▸ **Collected material**
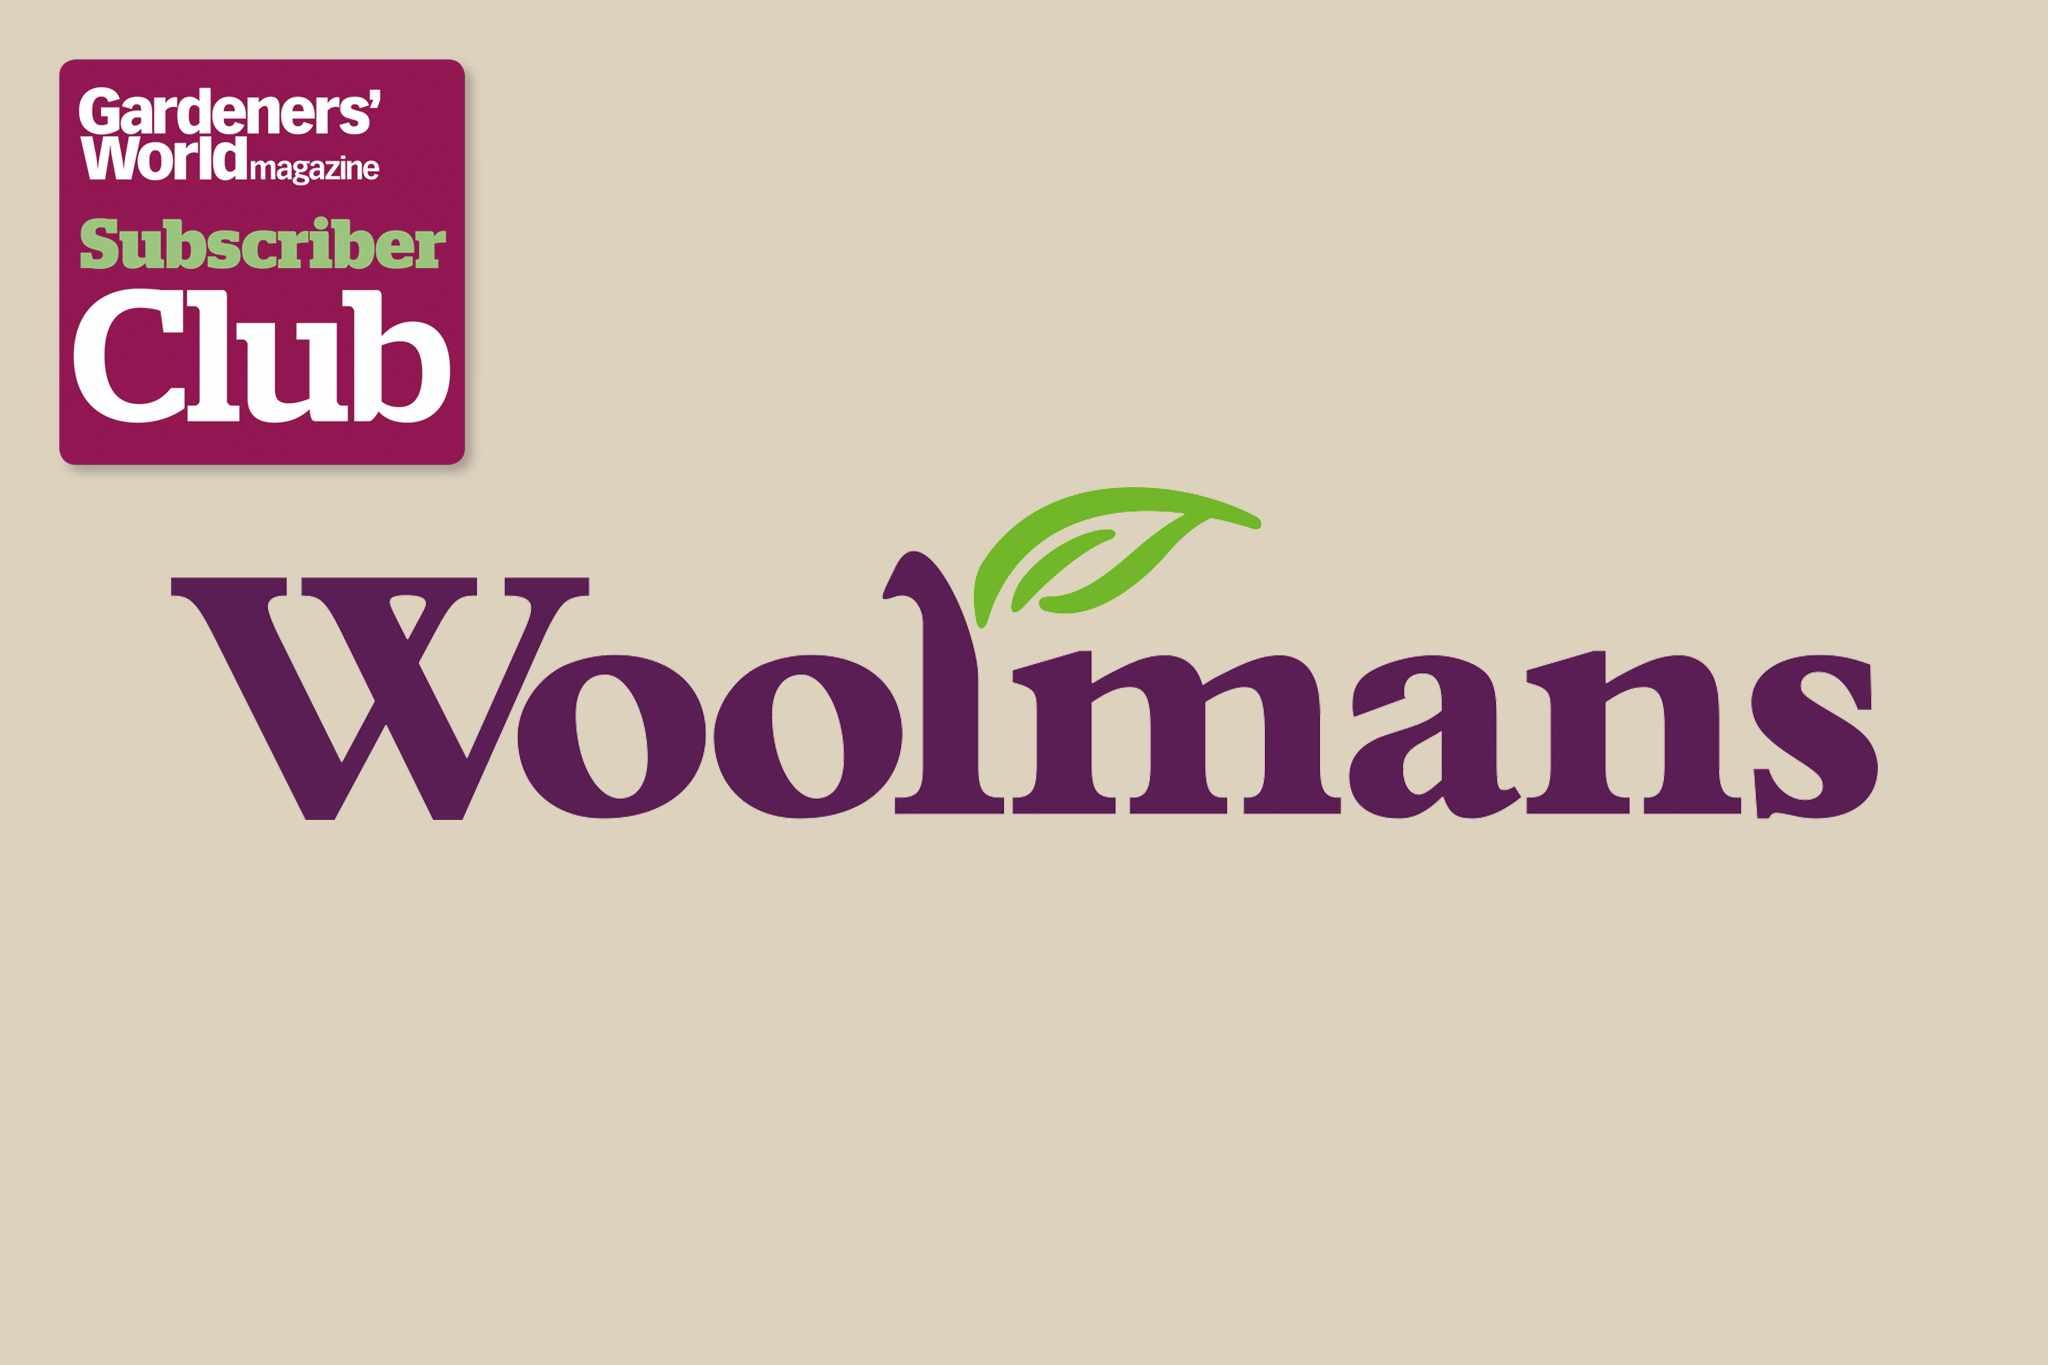 2048x1365-subscriber-club-10-per-cent-woolmans-new
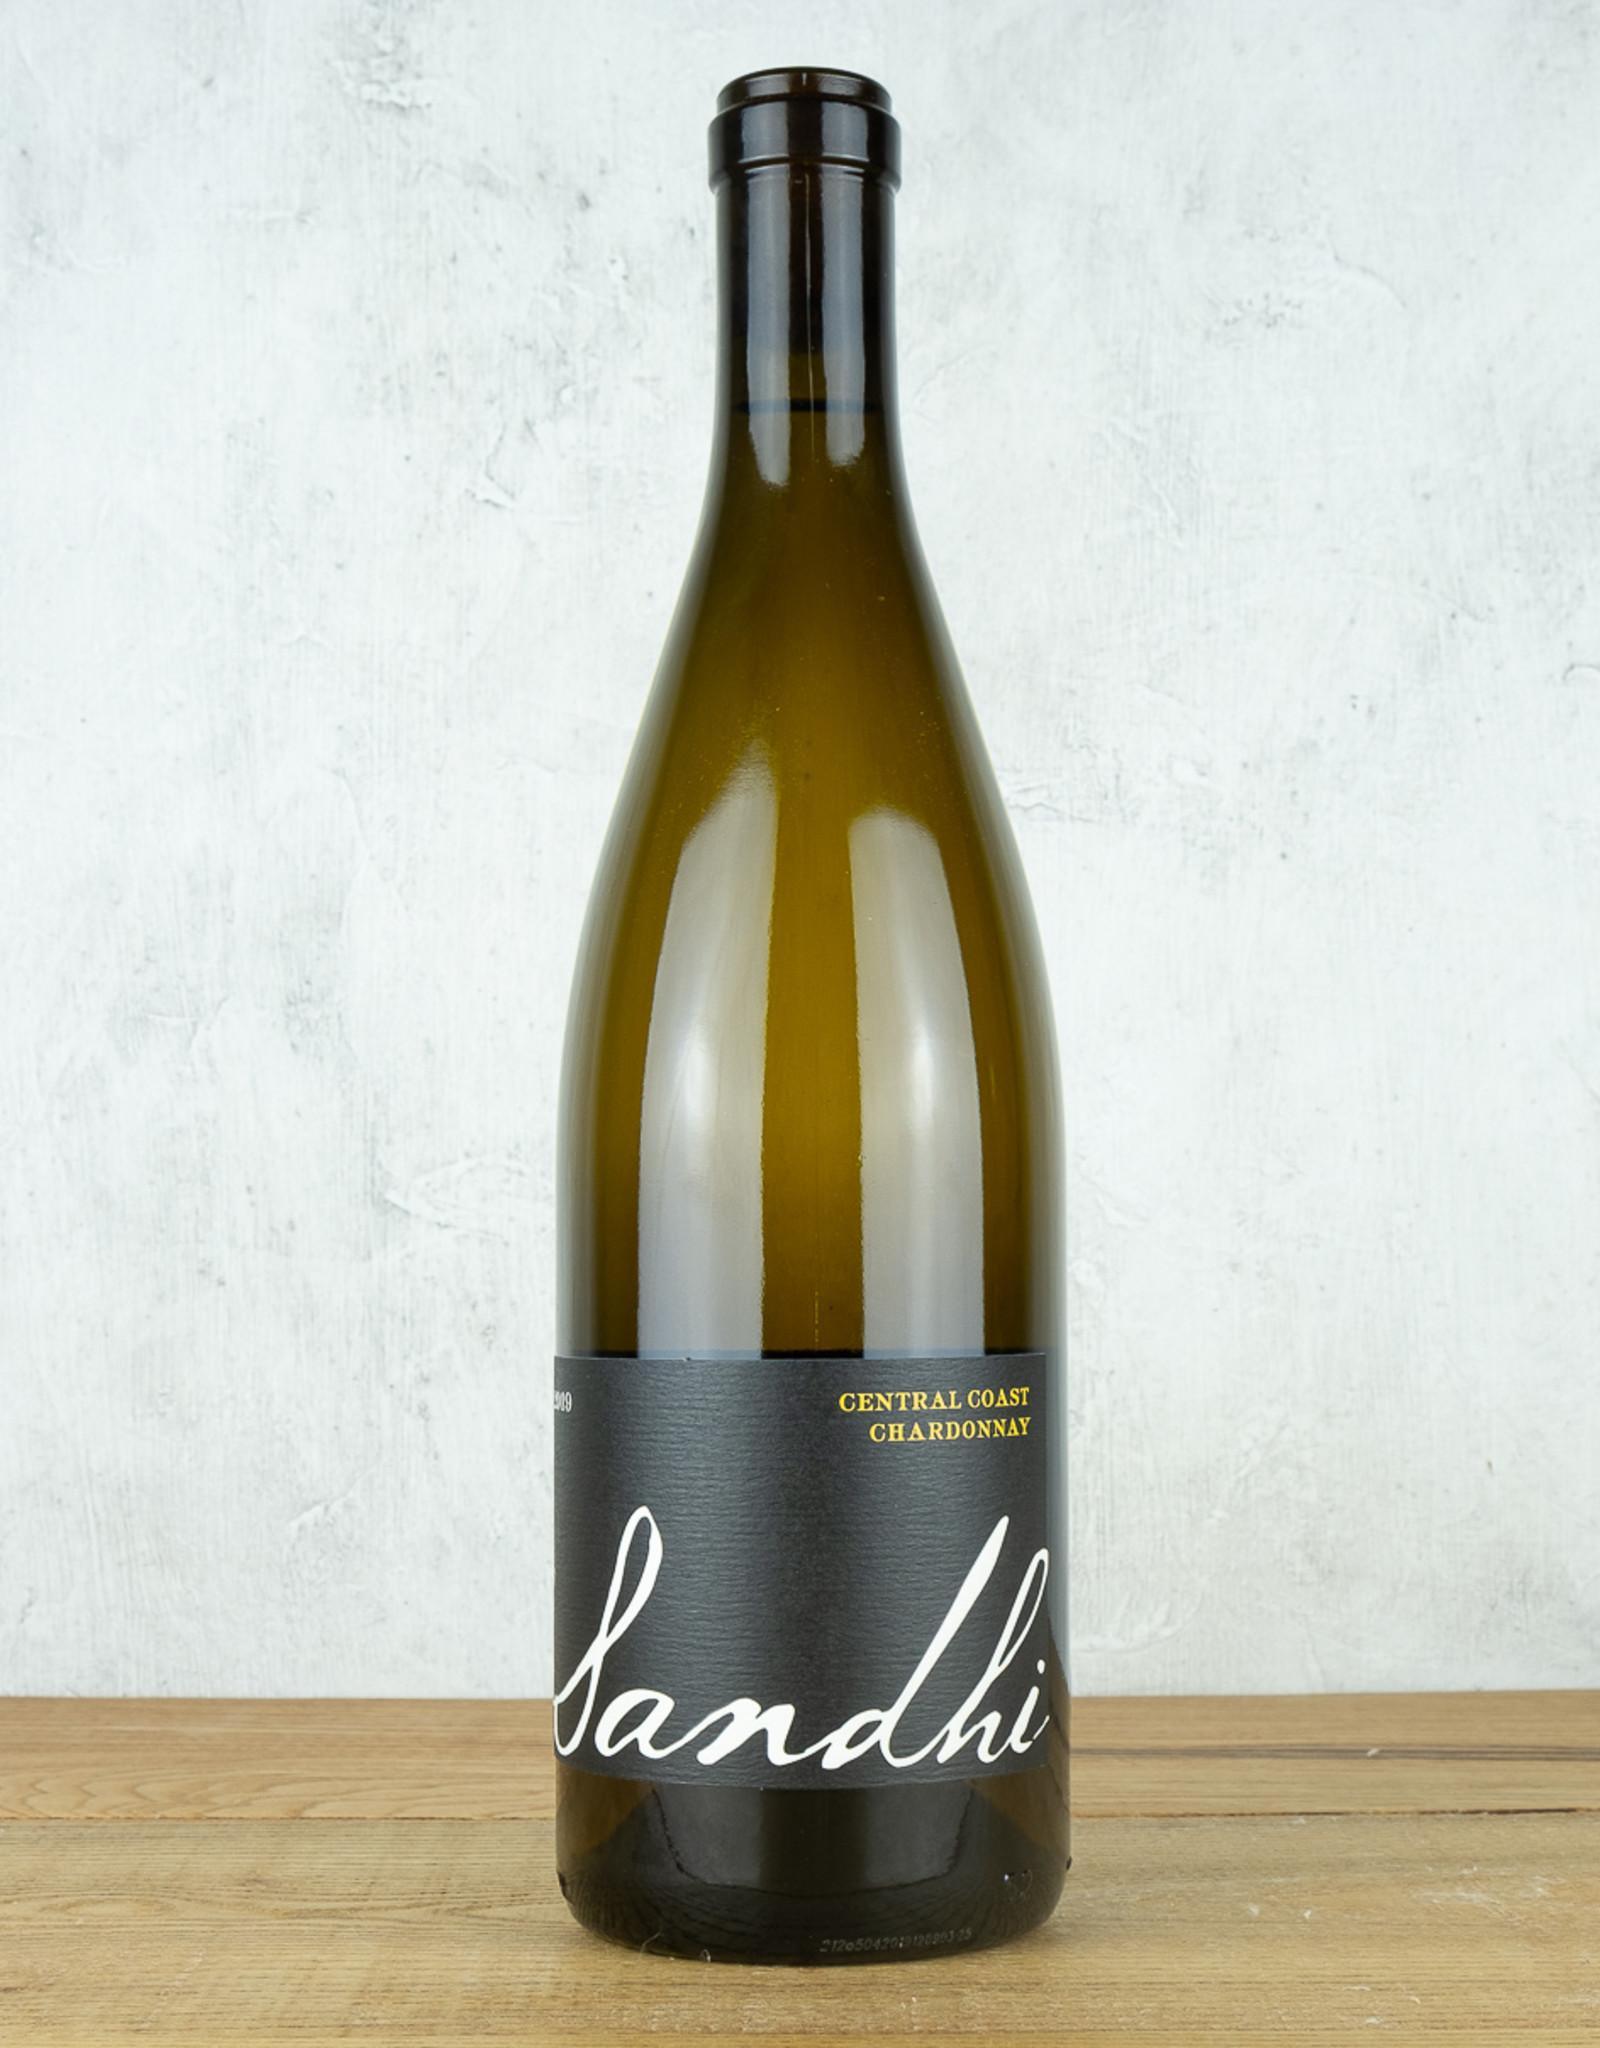 Sandhi Chardonnay Santa Barbara County
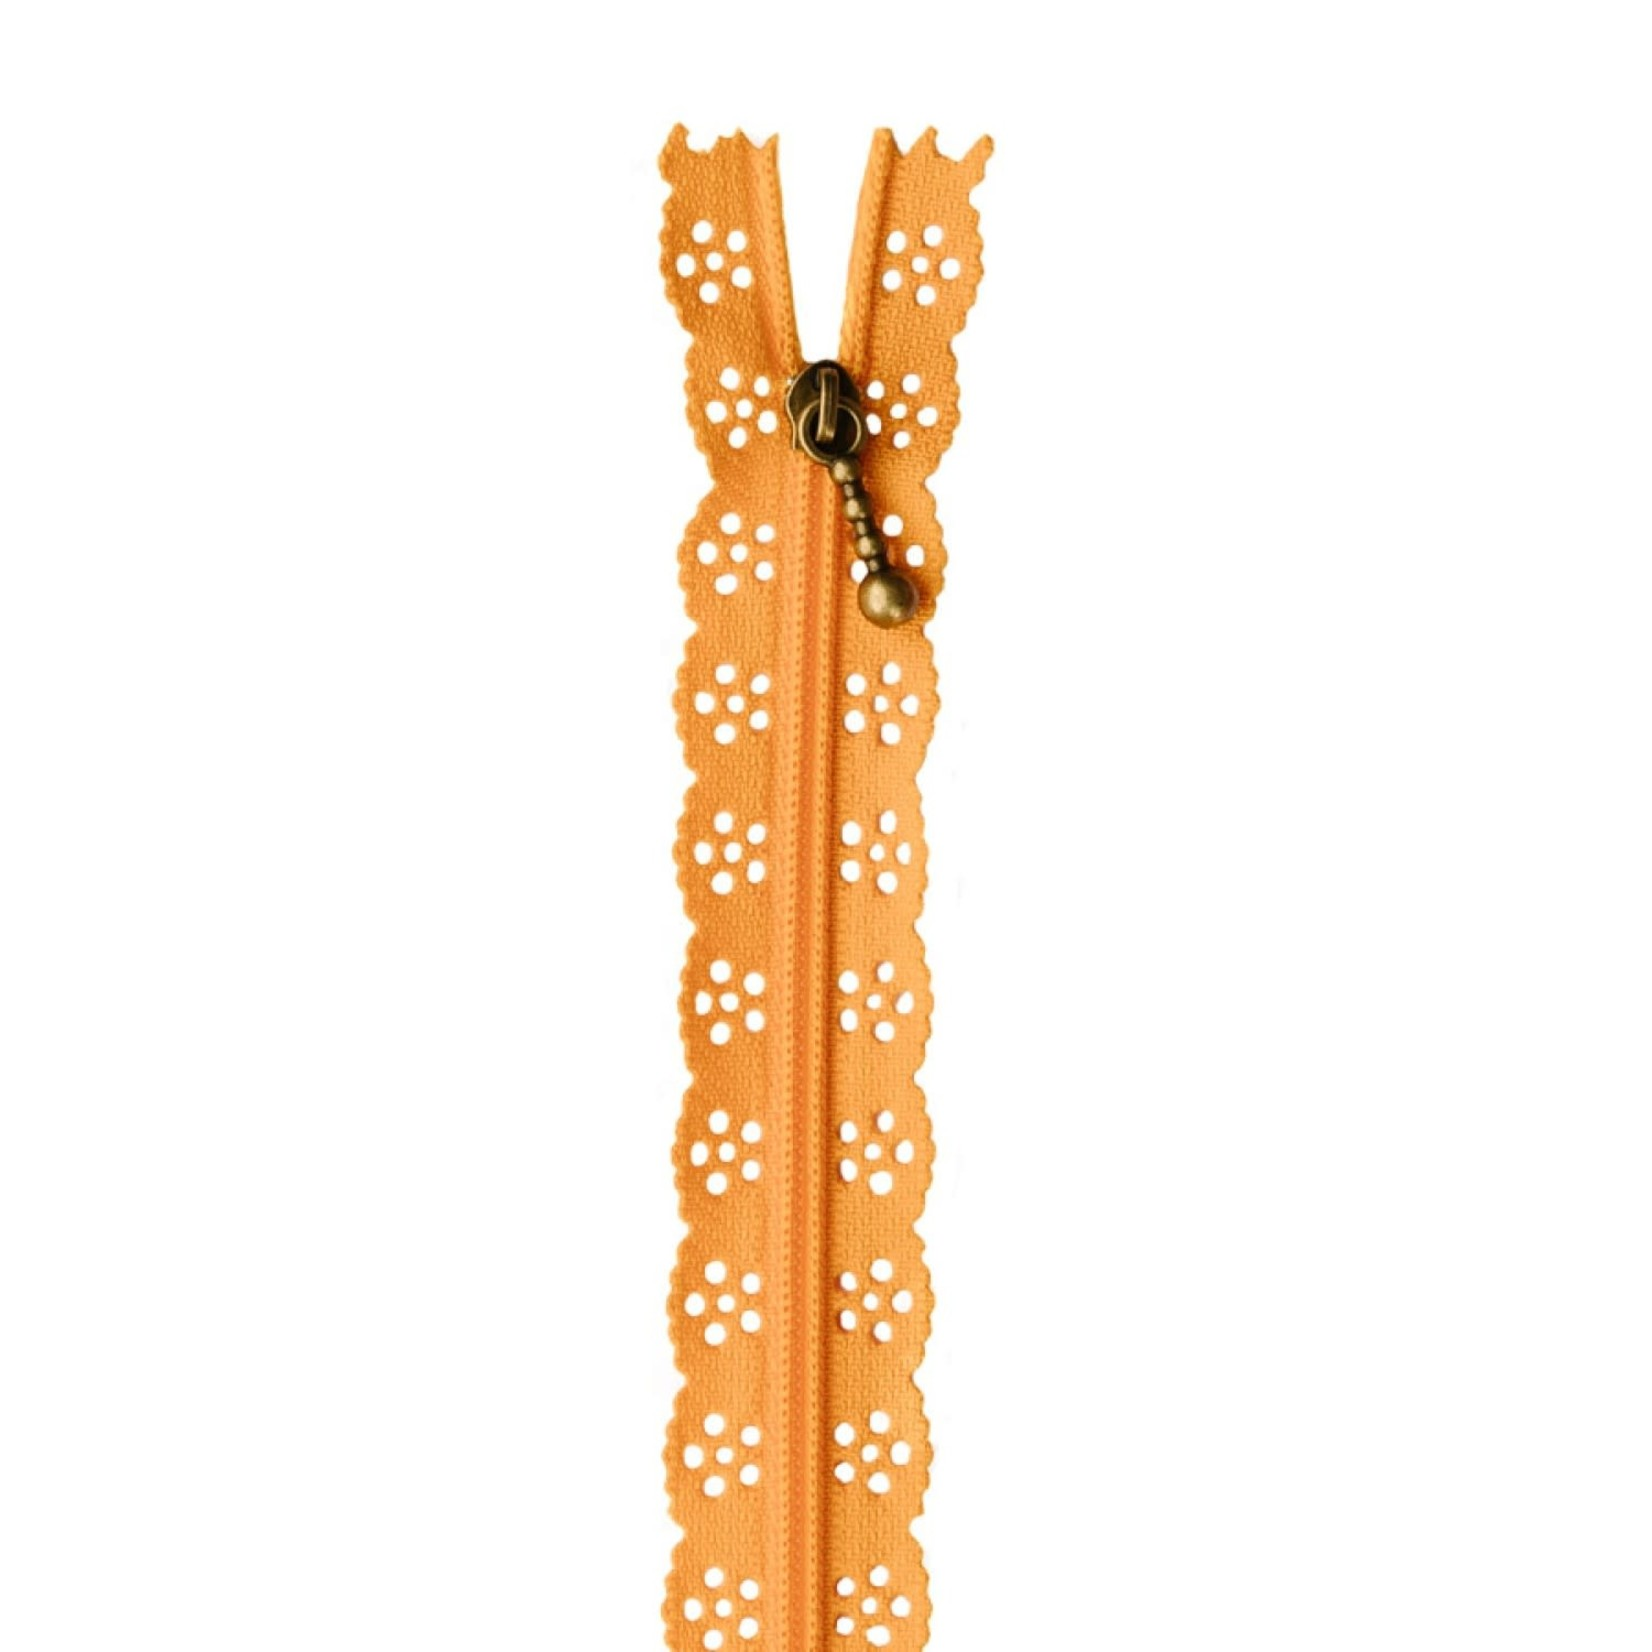 "Kimberbell Designs Lace Zipper 14""- Apricot"

▸ **Your task**
Any picture in the listing above gets left out; output the rest exactly.

▸ **Solution**
 2048x1365-subscriber-club-10-per-cent-woolmans-new
 Sandhi Chardonnay Santa Barbara County
 "Kimberbell Designs Lace Zipper 14""- Apricot"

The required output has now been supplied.